To date, only a few reports have been published of abdominal surgery in patients with VADs.[1-5] These reports are summarized in . The majority of these cases were open explorations for complications directly attributable to cardiopulmonary bypass or splanchnic ischemia. The most common reported postoperative surgical complication in these collective reports was bleeding, similar to that seen in the patient described herein. This risk arises from the requirement for anticoagulation to prevent VAD-related thromboembolic events. Among these reports, only 2 are prior reports of laparoscopy in VAD patients. Votapka and others[1] reported successful laparoscopic cholecystectomy in a patient with univentricular support, and Prendergast and others[3] reported the use of brief diagnostic laparoscopy in a moribund patient with BiVAD support. The current report demonstrates that more prolonged therapeutic laparoscopy is also possible in the BiVAD patient. Similar to these prior reports, we found that laparoscopy was well tolerated and that abdominal insufflation did not produce hemodynamic instability.

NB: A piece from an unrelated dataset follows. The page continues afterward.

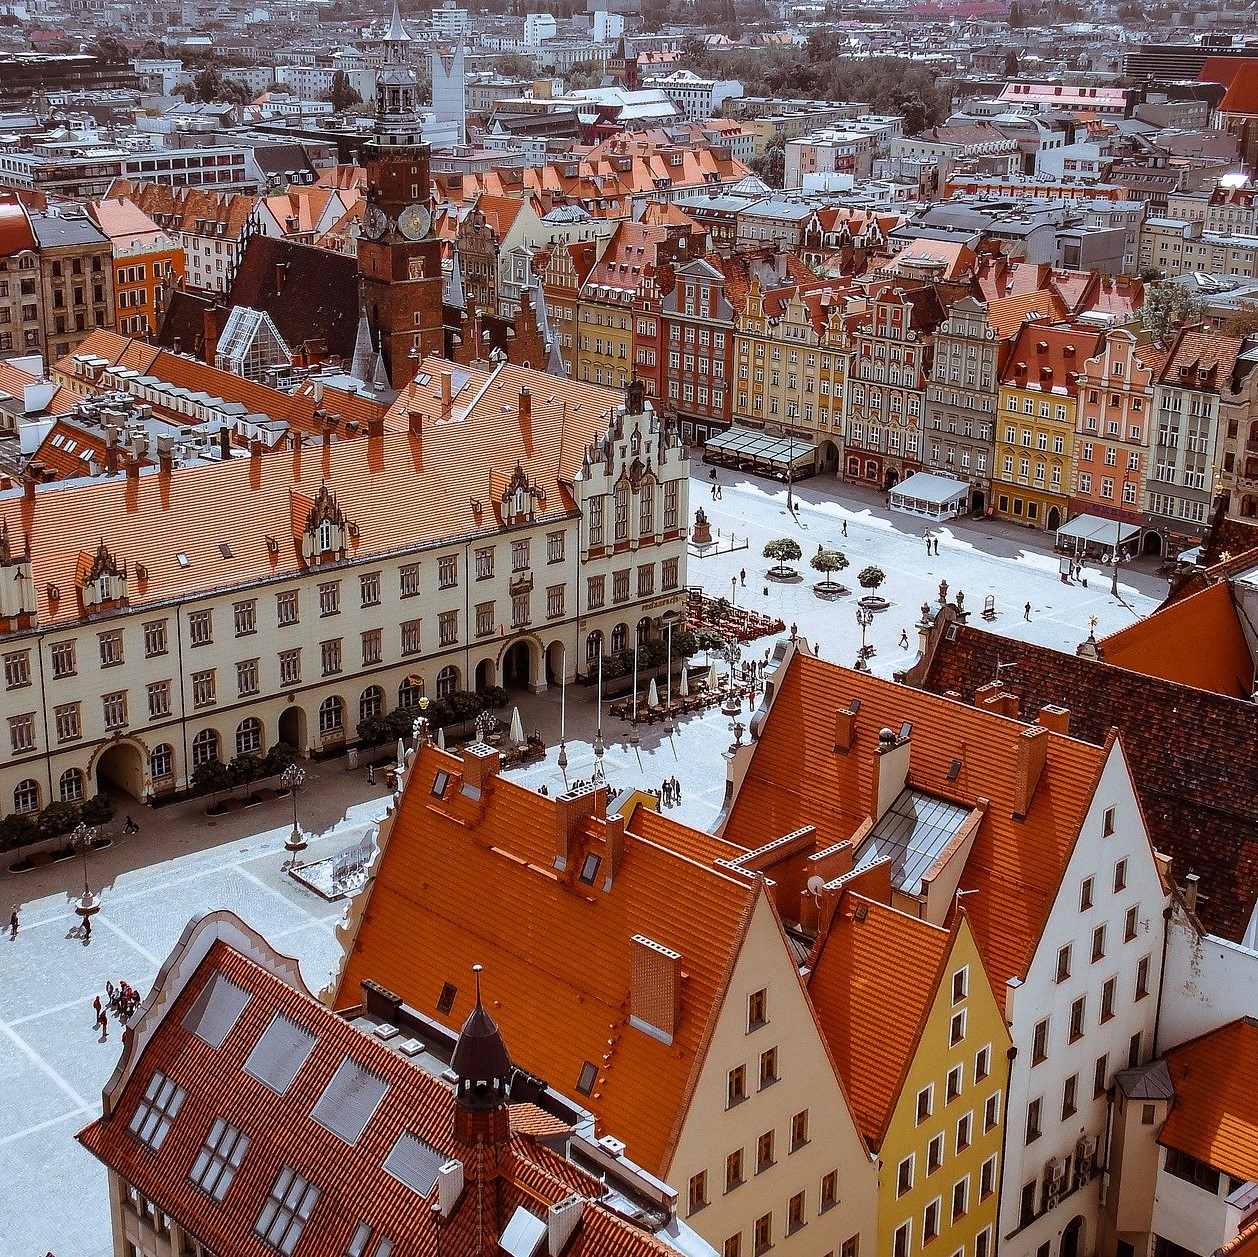 Poland is still gaining popularity as a study destination.
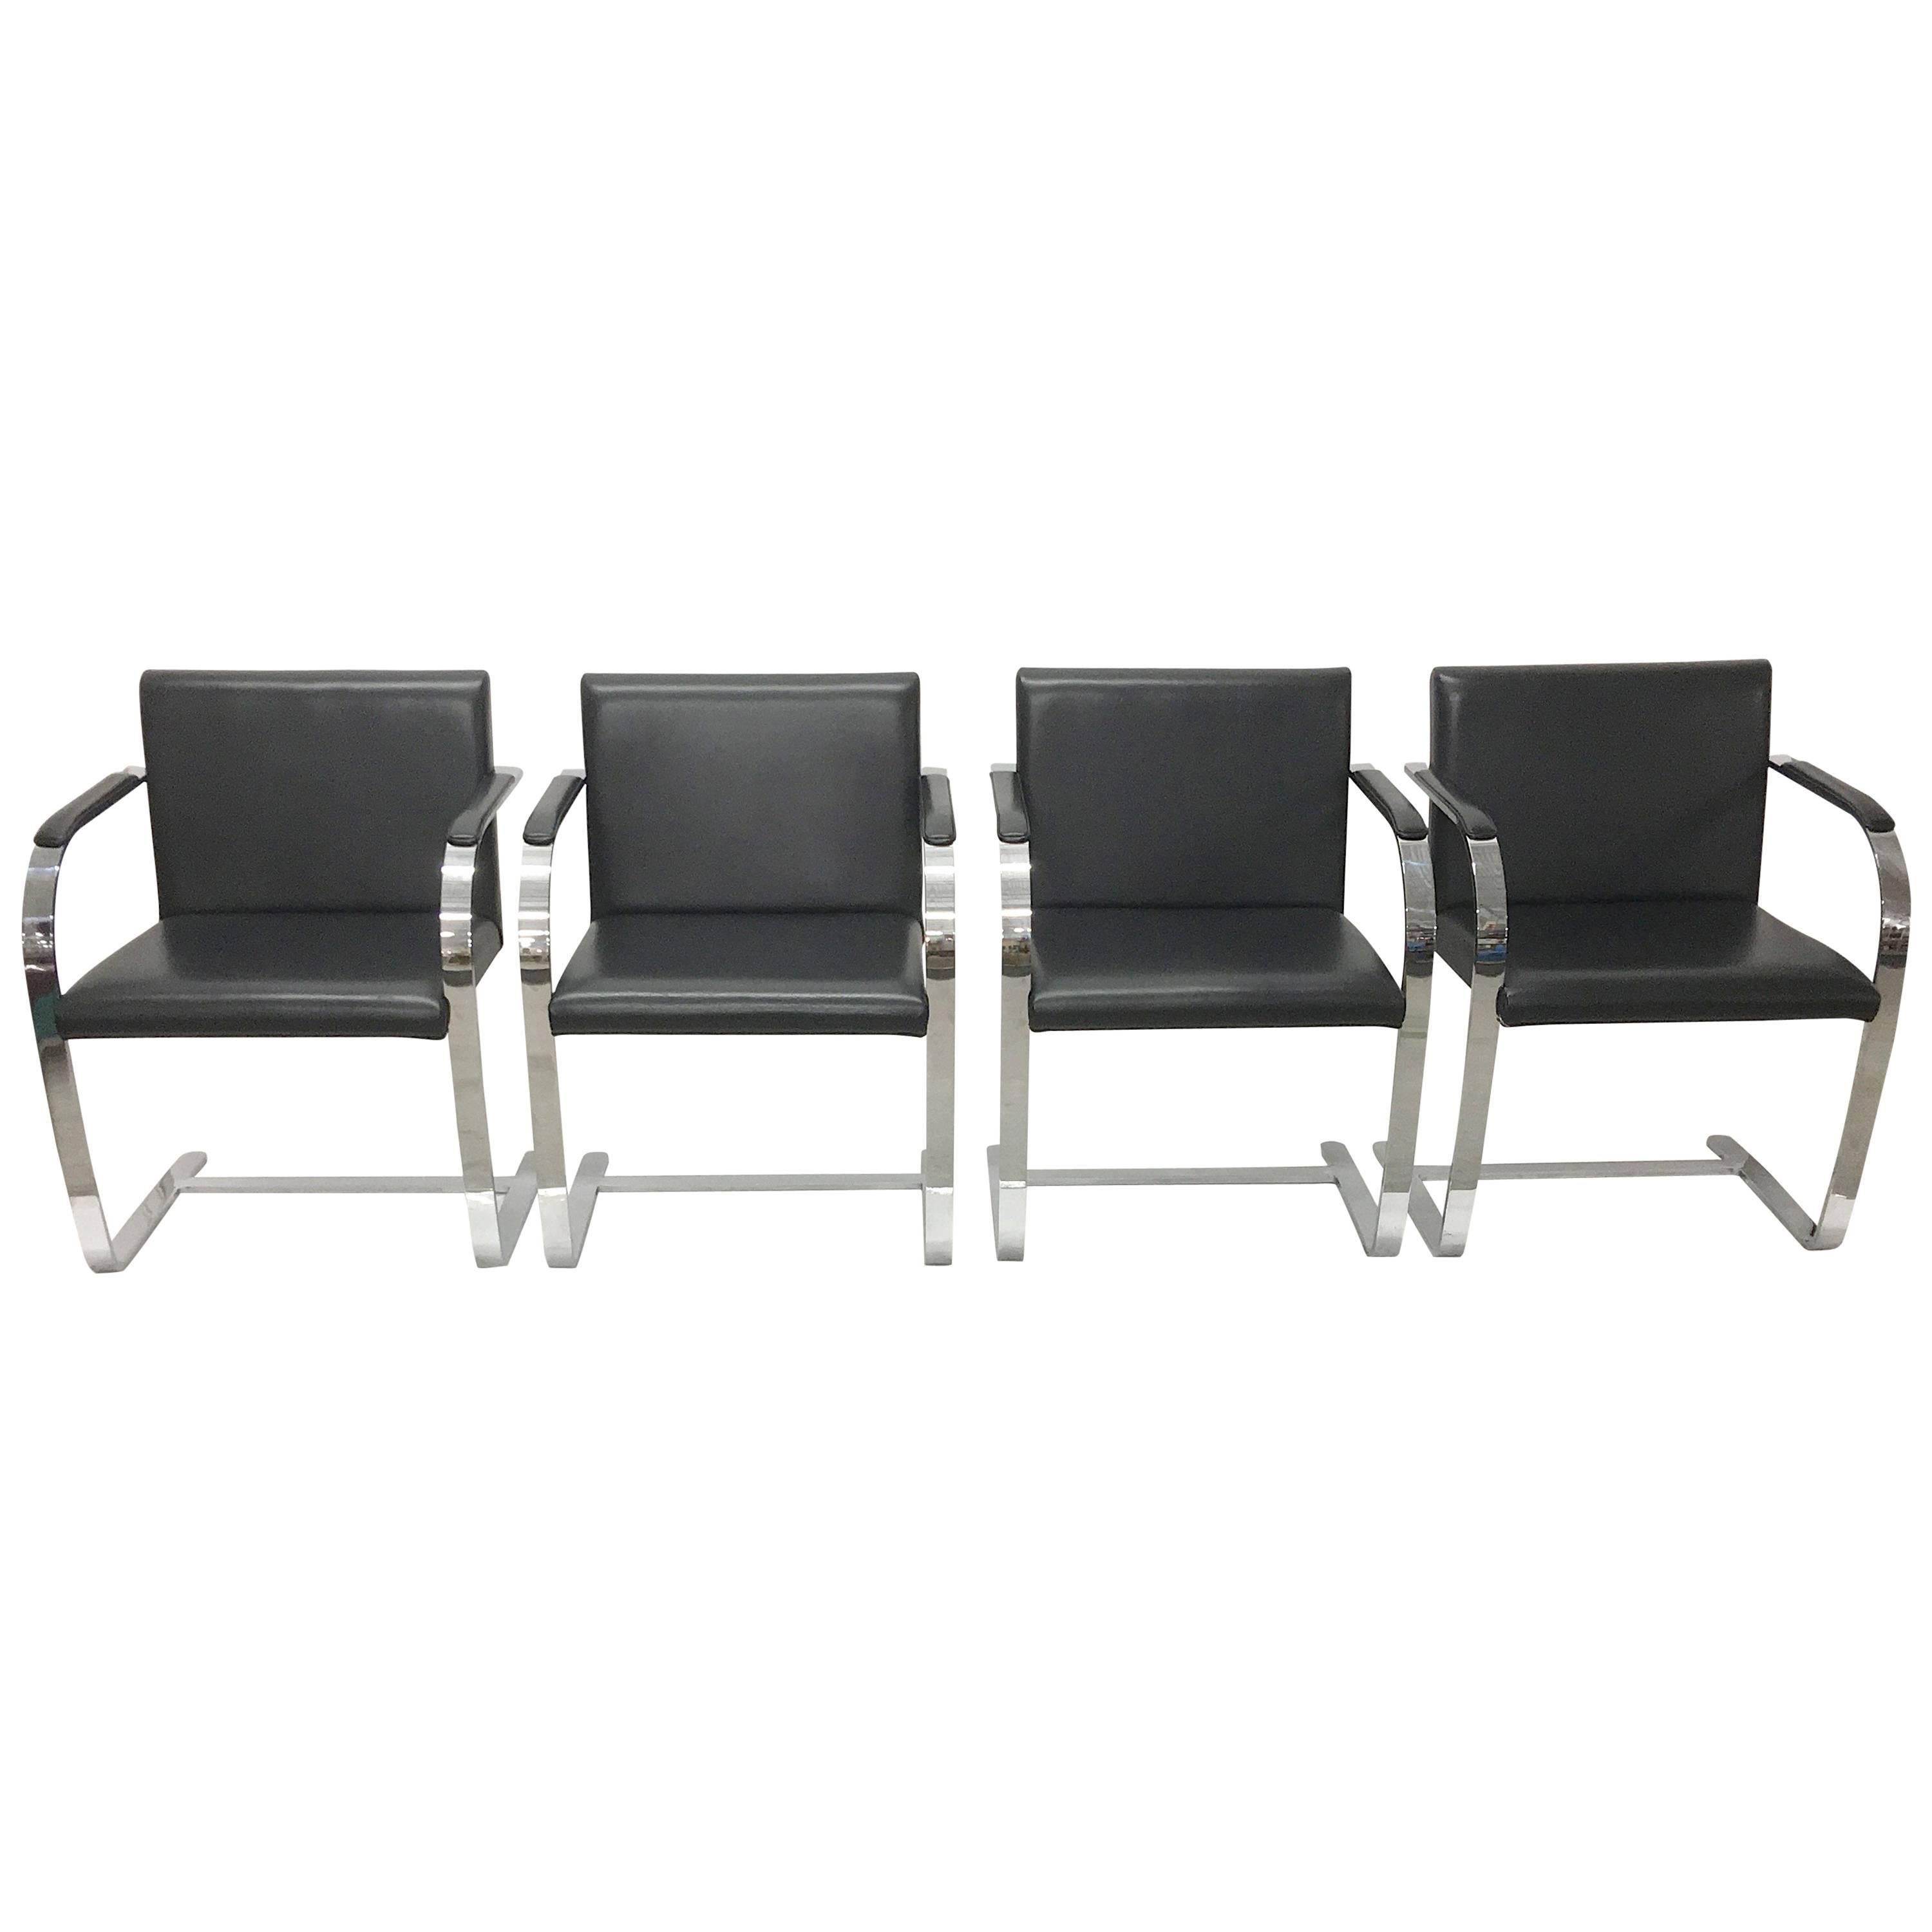 Set Four Mies Van Der Rohe for Knoll Brno Chairs Black Leather Flat Bar Chrome

Evaluation of the abdomen in the VAD patient should consider the same differential diagnosis as any patient previously undergoing cardiopulmonary bypass, including pancreatitis, acute cholecystitis, ischemic bowel, perforated ulcer, and diverticulitus. In addition, transcutaneous cannulas and drivelines may produce musculoskeletal symptoms that may mimic intraabdominal pathology. Standard imaging modalities, such as CT scan and ultrasound, may be nondiagnostic in the VAD patient because of interference by overlying devices. Our report and the few prior reports of laparoscopy in VAD patients support the expanded use of diagnostic and therapeutic laparoscopy in this patient group. Careful attention to device location and function, perioperative anticoagulation and postoperative bleeding risk is paramount in any anticipated abdominal intervention in the VAD patient.

Table 1.

FDA-Approved Ventricular Assist Devices

Device	Potential Support Options[†]	Position
Thoratec VAD System*	RVAD, LVAD, or BiVAD	Paracorporeal
Thoratec IVAD*	RVAD, LVAD, or BiVAD	Intracorporeal
Heartmate LVAS*	LVAD	Intracorporeal
Novacor LVAS†	LVAD	Intracorporeal
Abiomed BVS 5000‡	LVAD, RVAD, or BiVAD	Paracorporeal

Thoratec Corporation, Pleasanton, California.

RVAD=right ventricular assist device; LVAD=left ventricular assist device; BiVAD=biventricular assist device.

Abiomed Corporation, Danvers, Massachusetts.

Table 2.

Reported Series of Abdominal Surgery in Patients With Ventricular Assist Devices

Study	No. of Pts.	Type of Device*	Type of Surgery (n)	Complications (n)
Votapka1 1994	3	PC LVAD	Open cholecystectomy (2), Laparoscopic cholecystectomy (1)	Bleeding (1/3), Early death (1/3)
Goldstein2 1995	1	PC LVAD	Plication gastric ulcer	Hypotension
Prendergast3 1996	1	PC BiVAD	Diagnostic laparoscopy	None†
Aleksic4 1998	1	IC LVAD	Laparotomy, small bowel resection	None
Schmid5 2001	11	IC LVAD	Open cholecystectomy alone (4) or combined with bowel resection or cecostomy (3) Open ileostomy or cecostomy (3) Open bowel resection (1)	Bleeding (6/11)
Nissen 2004	1	PC BiVAD	Laparoscopic cholecystectomy	Bleeding

PC=paracorporeal; IC=intracorporeal; LVAD=left ventricular assist device; BiVAD=biventricular assist device.

Support withdrawn and patient died shortly after surgery.